Néry ejercita su respiración en el exterior para aguantar sin aire en las profundidades marinas.

Desde el gran éxito en la web del corto Free Fall, que rodó junto a su mujer Julie, Guillaume hace uso de los modernos ­medios de comunicación para compartir momentos que reflejan lo más fascinante de la apnea.

Guillaume Néry

Néry cuenta con la ayuda de su pareja, Julie, para plasmar sus pensamientos bajo el mar.

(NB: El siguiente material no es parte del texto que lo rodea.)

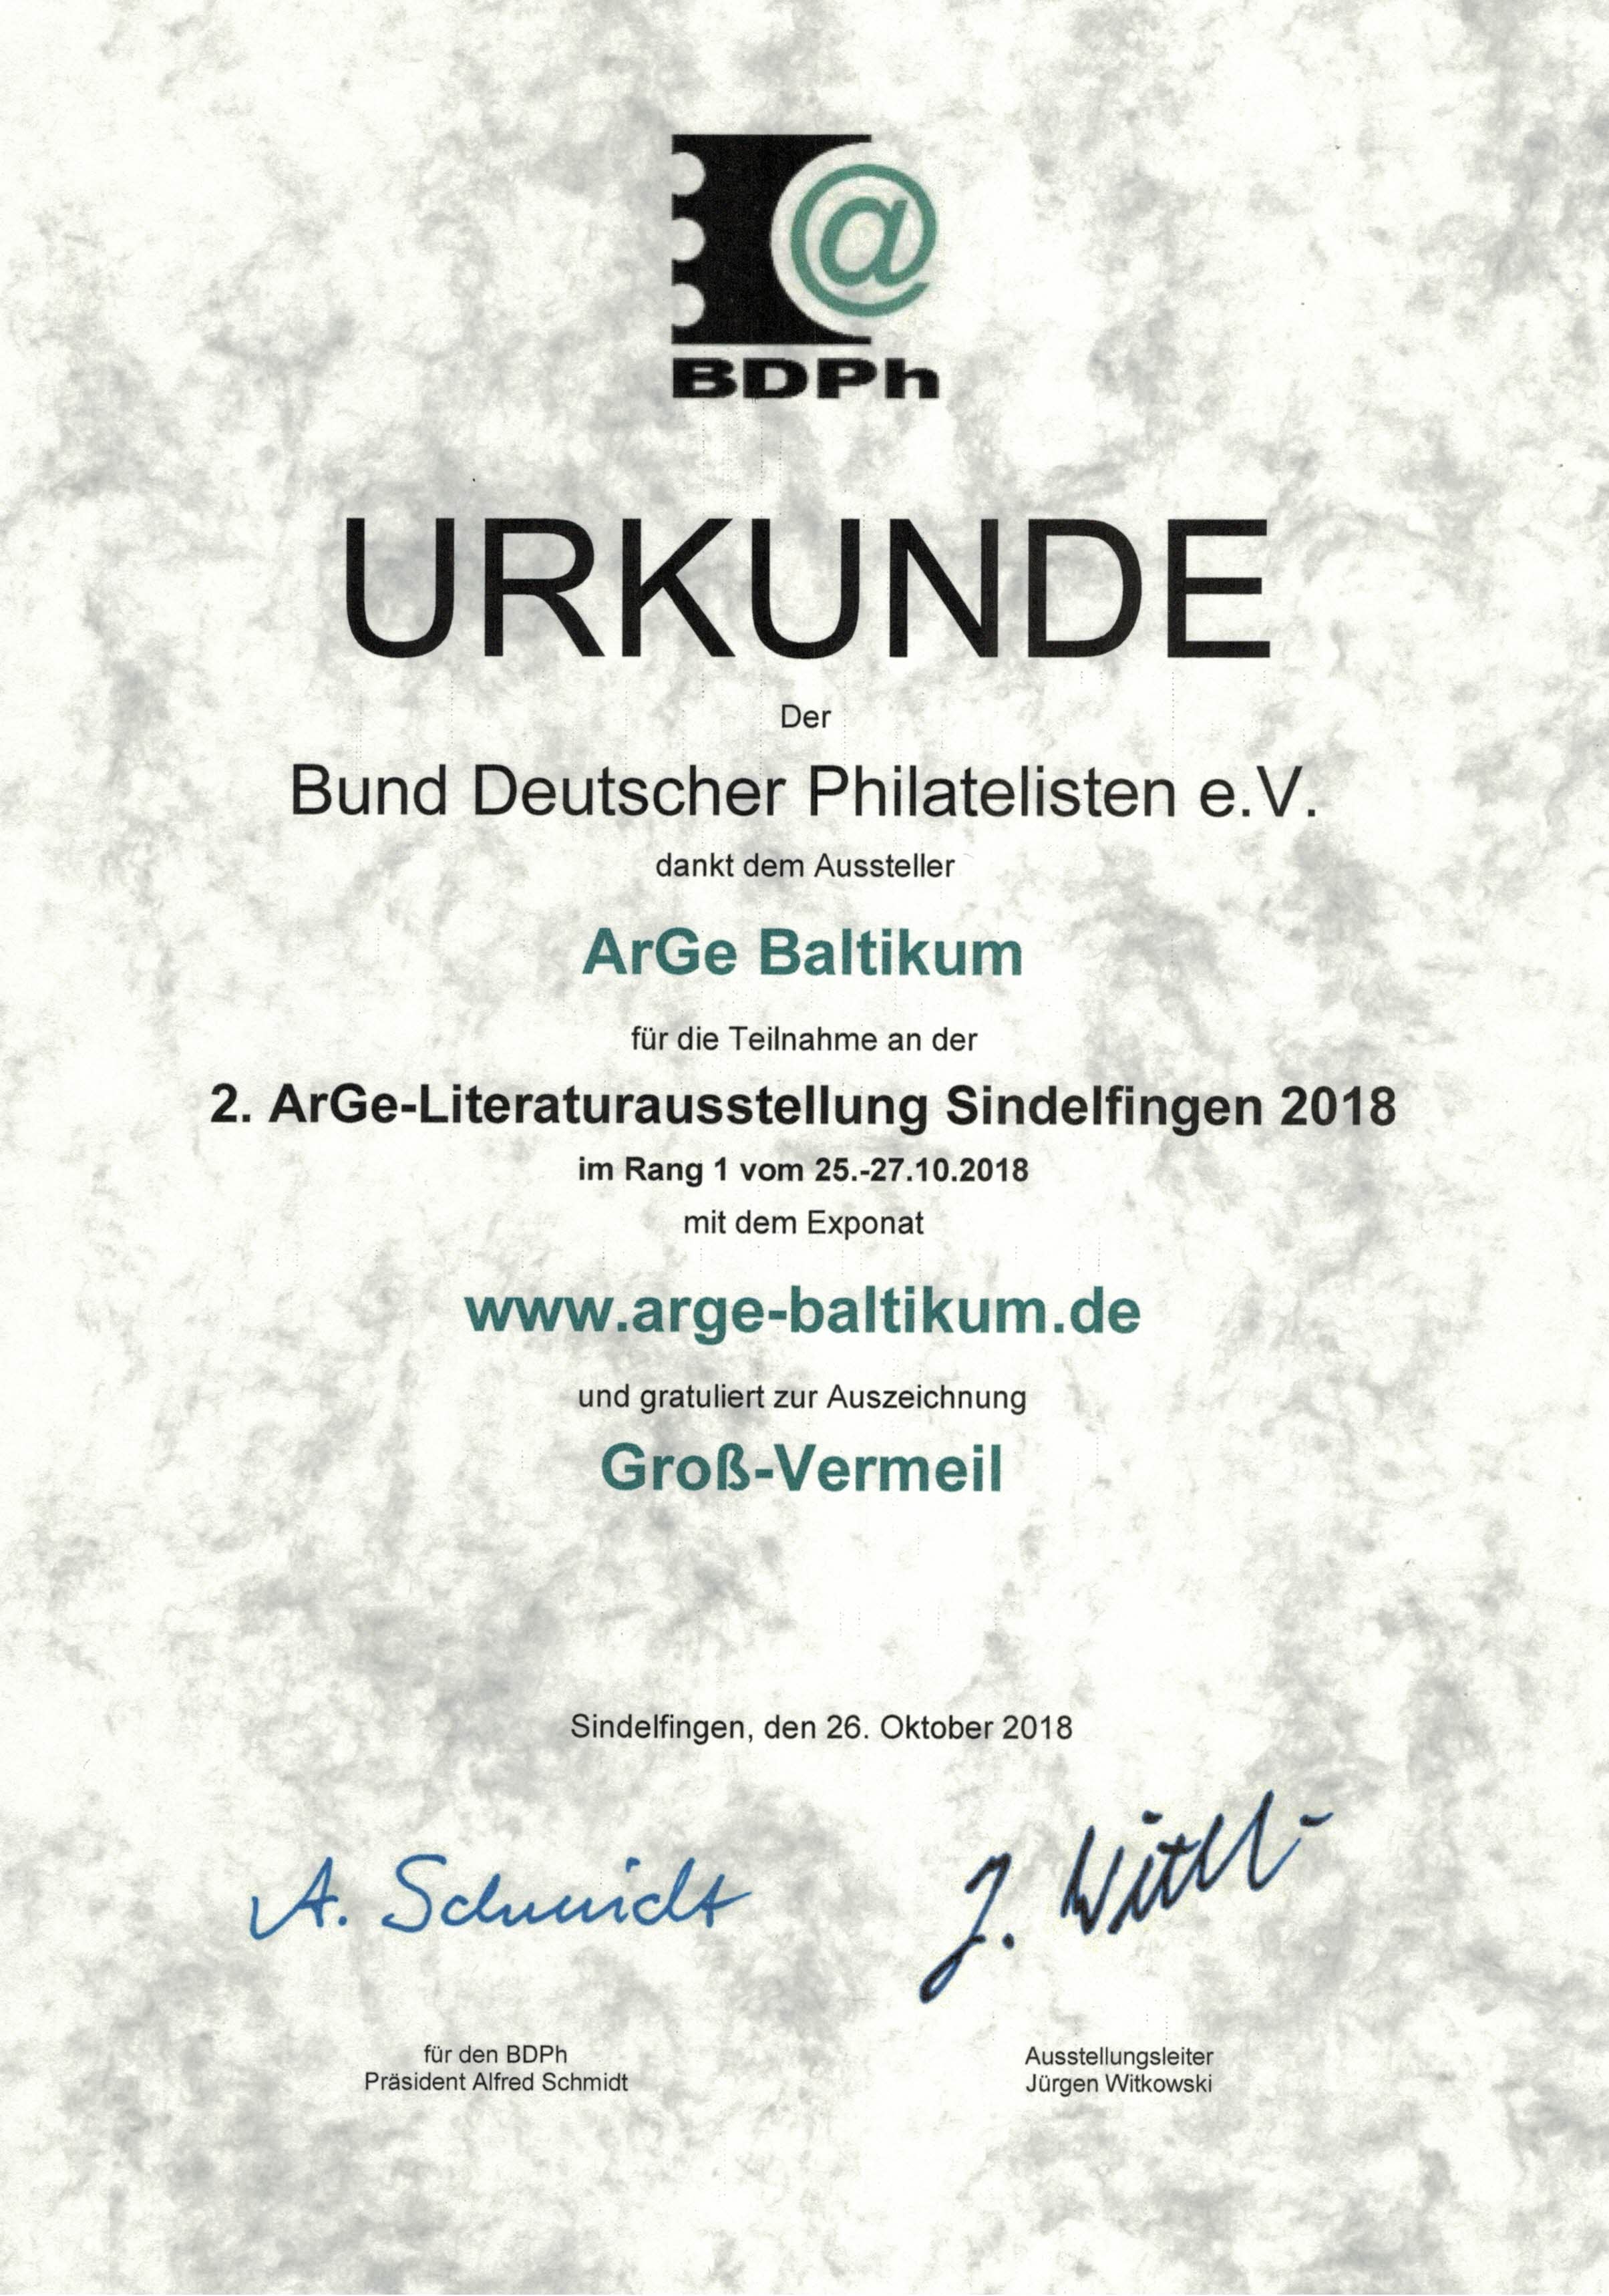 Groß-Vermeil für die Website www.arge-baltikum.de auf der 2. ArGe–Literaturausstellung Sindelfingen 2018

“El momento más mágico es aquel en el que me escapo de la gravedad. Se trata de una liberación, una desconexión. Entonces ­vuelo con mis brazos abiertos. En este­ momento estoy muy tranquilo, todo a mi alrededor se funde entre sí y yo me convierto en una ­parte del todo”.

 

Narcose es el último cortometraje de la ­pareja ­en conjunto. En la primavera de 2014 se ha presentado en los festivales de cine de toda Europa. Julie es la que se encarga de la ­cámara, sigue a Guillaume en la profundidad y lo ­filma. No tendría sentido reproducir la corriente de sus pensamientos cuando se ­impone la embriaguez de la profundidad: las imágenes pasan muy rápido por su ­cabeza. Además, Julie y Guillaume han ­decidido ­implementar lo más memorable de ambos, incluyendo la fantástica visión de una boda bajo el agua y sin tubos de oxígeno.